Two implementation details worth a reviewer's eye:
The gateway payload_object field is an Elasticsearch flattened field, so isError, a JSON boolean in the source payload, is indexed as the keyword string true rather than the boolean true. Comparing against the boolean silently matches nothing, which is documented inline in the query.
The failure-count threshold of five is a placeholder. The main false-positive case, documented in the false_positives list, is a target that is broken for every caller rather than one caller probing it, so this needs tuning per environment rather than trusting the fixed number.
Also included: the corresponding scoped entry in the integration manifests file, regenerated with the repo's own manifest-build tooling for this integration only. This integration had no prior rule in the repo, so its manifest entry was missing locally and the package test fails without it.
Important finding to flag for Mikaayenson, and for future contributors to this integration
In my last comment on #6126 I proposed two more behavior-focused candidates: a tool call whose arguments match a credential-exfiltration pattern, and a tool description that carries imperative instructions to the agent, i.e. tool poisoning. Before writing either as a rule I checked what fields the aws_bedrock_agentcore integration actually populates today, across all three relevant data streams in elastic slash integrations: gateway_application_logs, runtime_application_logs, and memory_application_logs.
No stream exposes a structured tool-call-arguments field. gateway_application_logs has a tool name field and a target field, but the only place invocation arguments could live is inside the flattened payload_object blob, which is not addressable as a discrete field for an arguments-pattern rule.
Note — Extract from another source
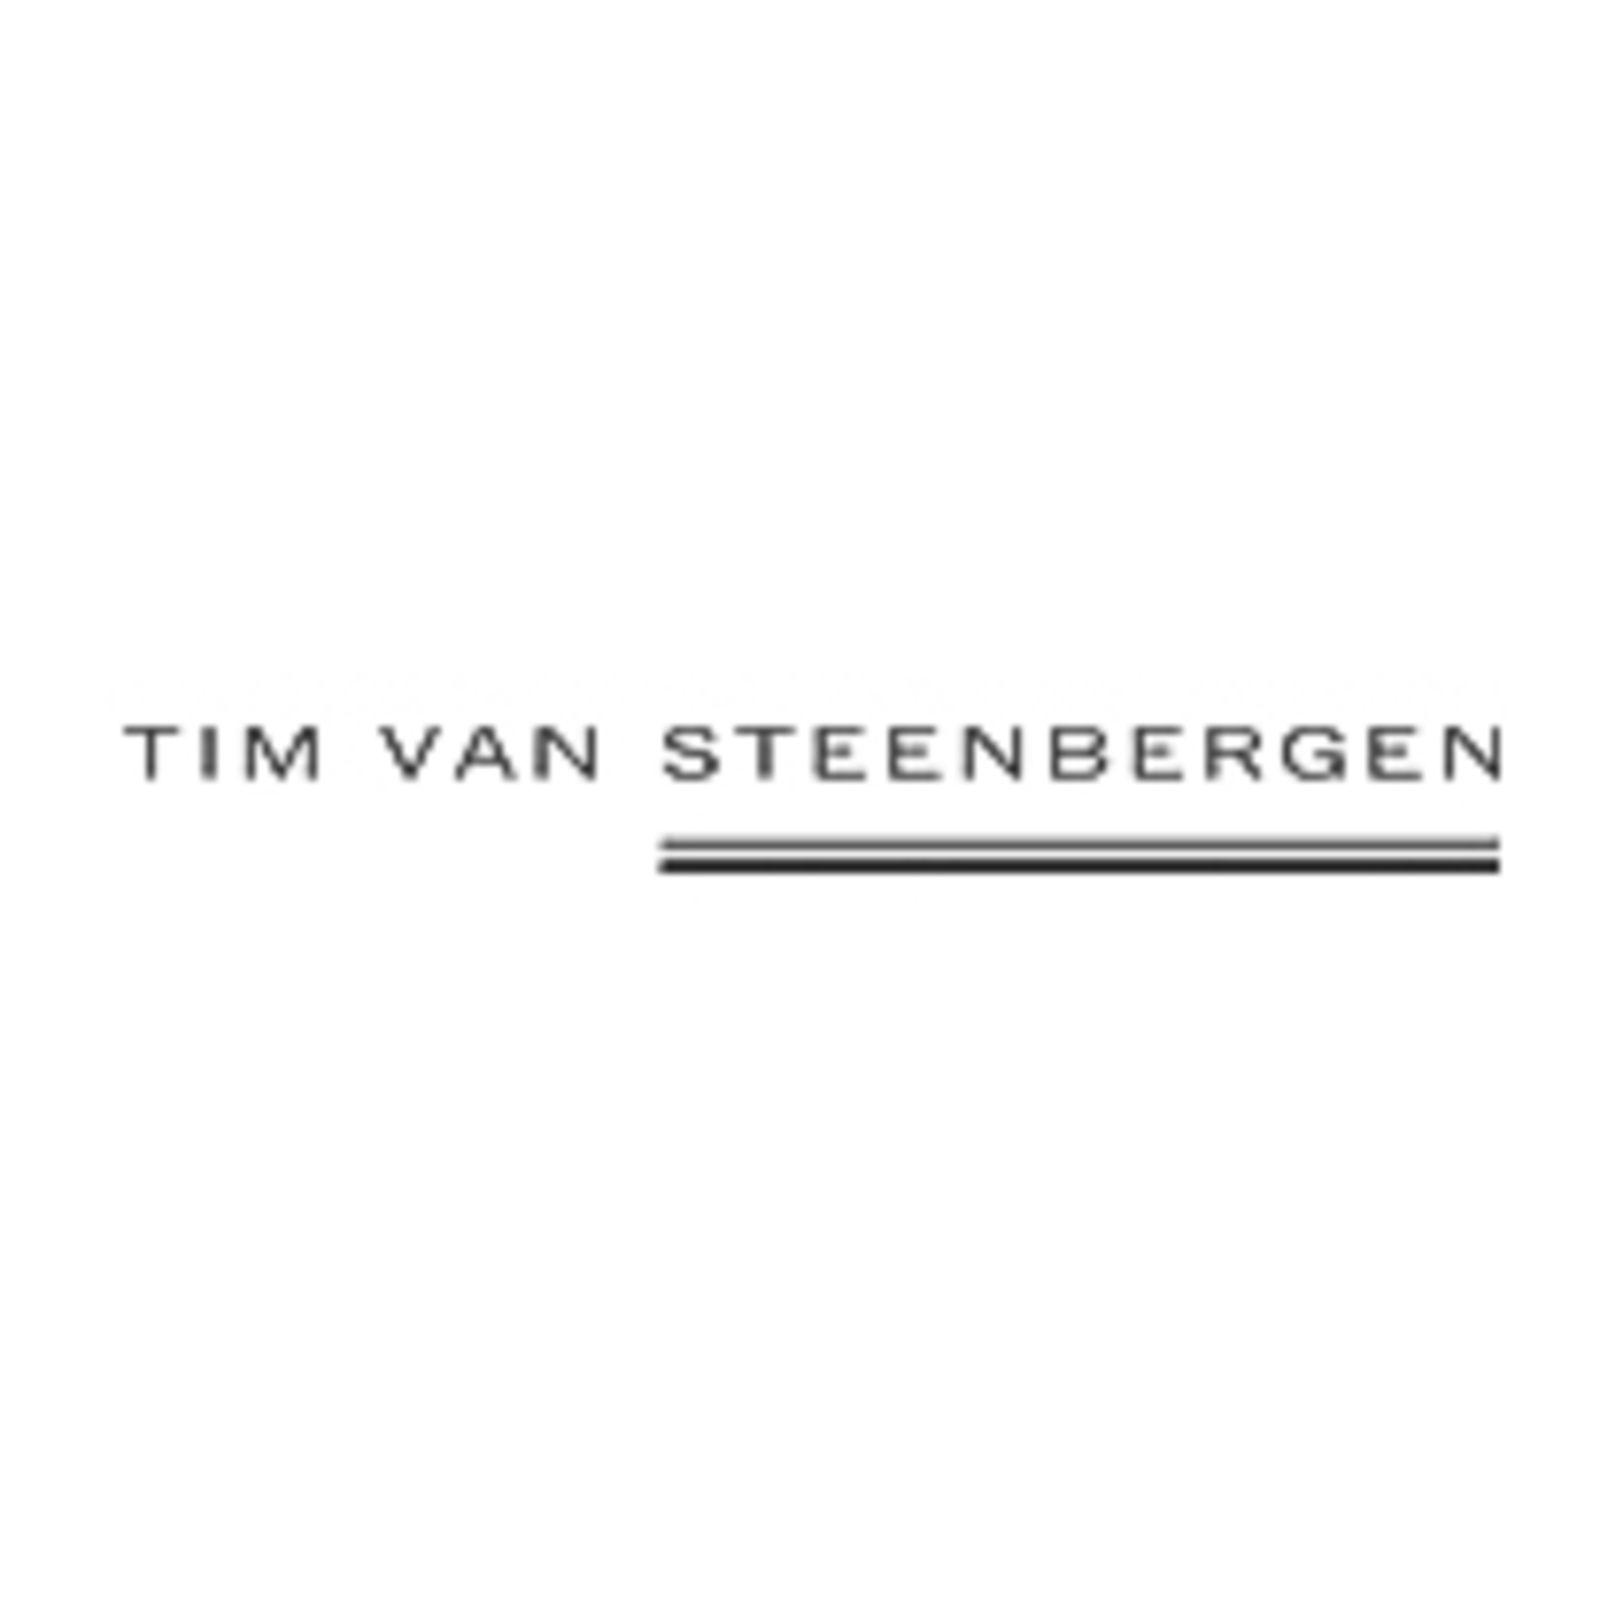 TIM VAN STEENBERGEN
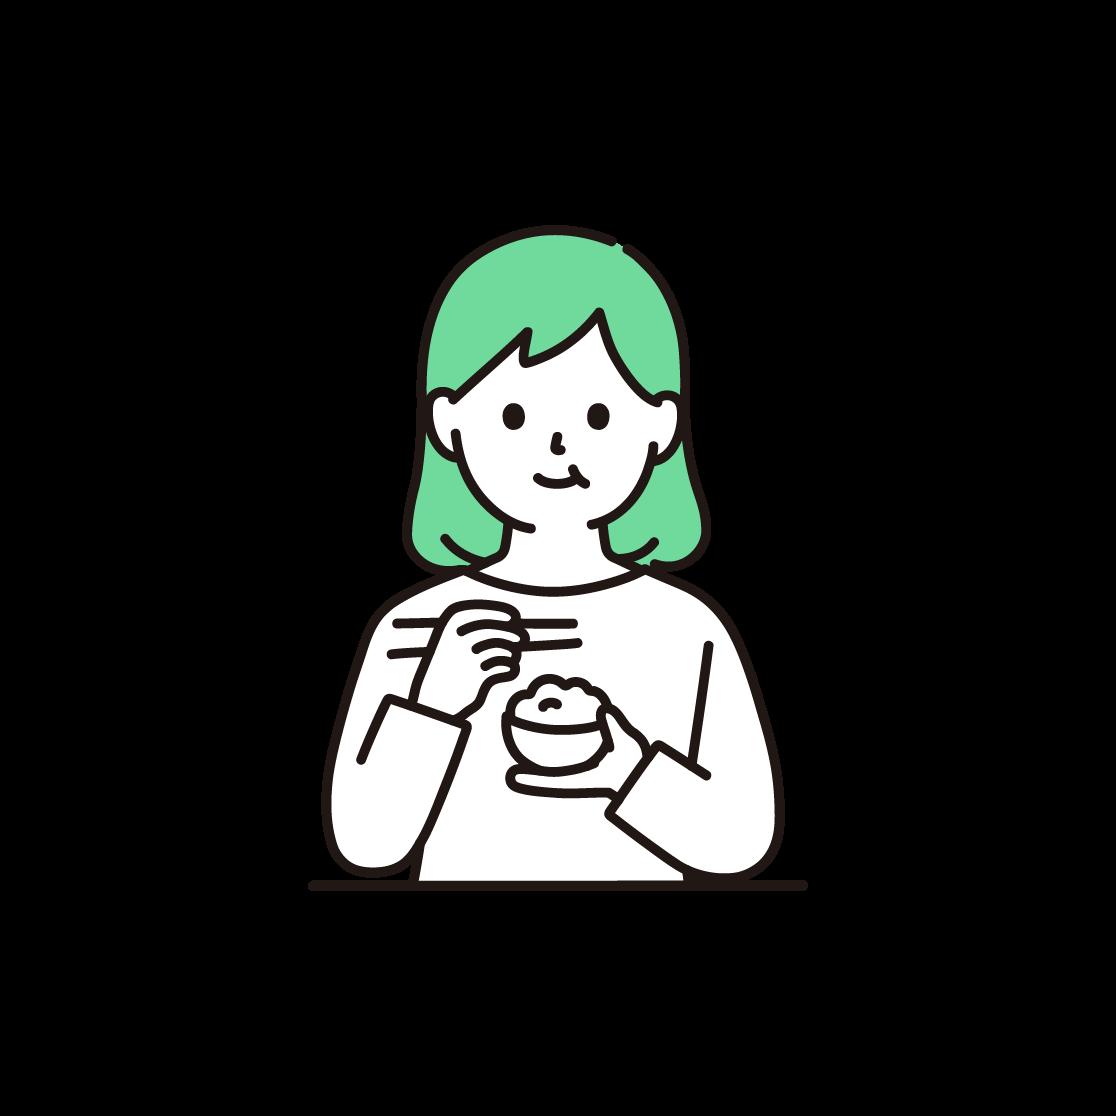 食事をする女性のイラスト(単色)

No stream exposes a tool-description or tool-definitions field at all.
Neither the gen_ai.tool namespace referenced in ECS RFC 0052, elastic/ecs pull request 2532, merged 2026-05-07, which does define fields like tool.call.arguments, tool.definitions, and tool.call.result, nor any equivalent custom field appears anywhere in the aws_bedrock_agentcore package's field definitions. The schema exists in ECS; as far as I can find, no shipping Elastic integration populates it yet.
I also could not find a darg package in elastic slash integrations, which I asked about in my May 29th comment without a direct answer. If it exists it is not public, so I could not check whether it is the one that populates gen_ai.tool fields.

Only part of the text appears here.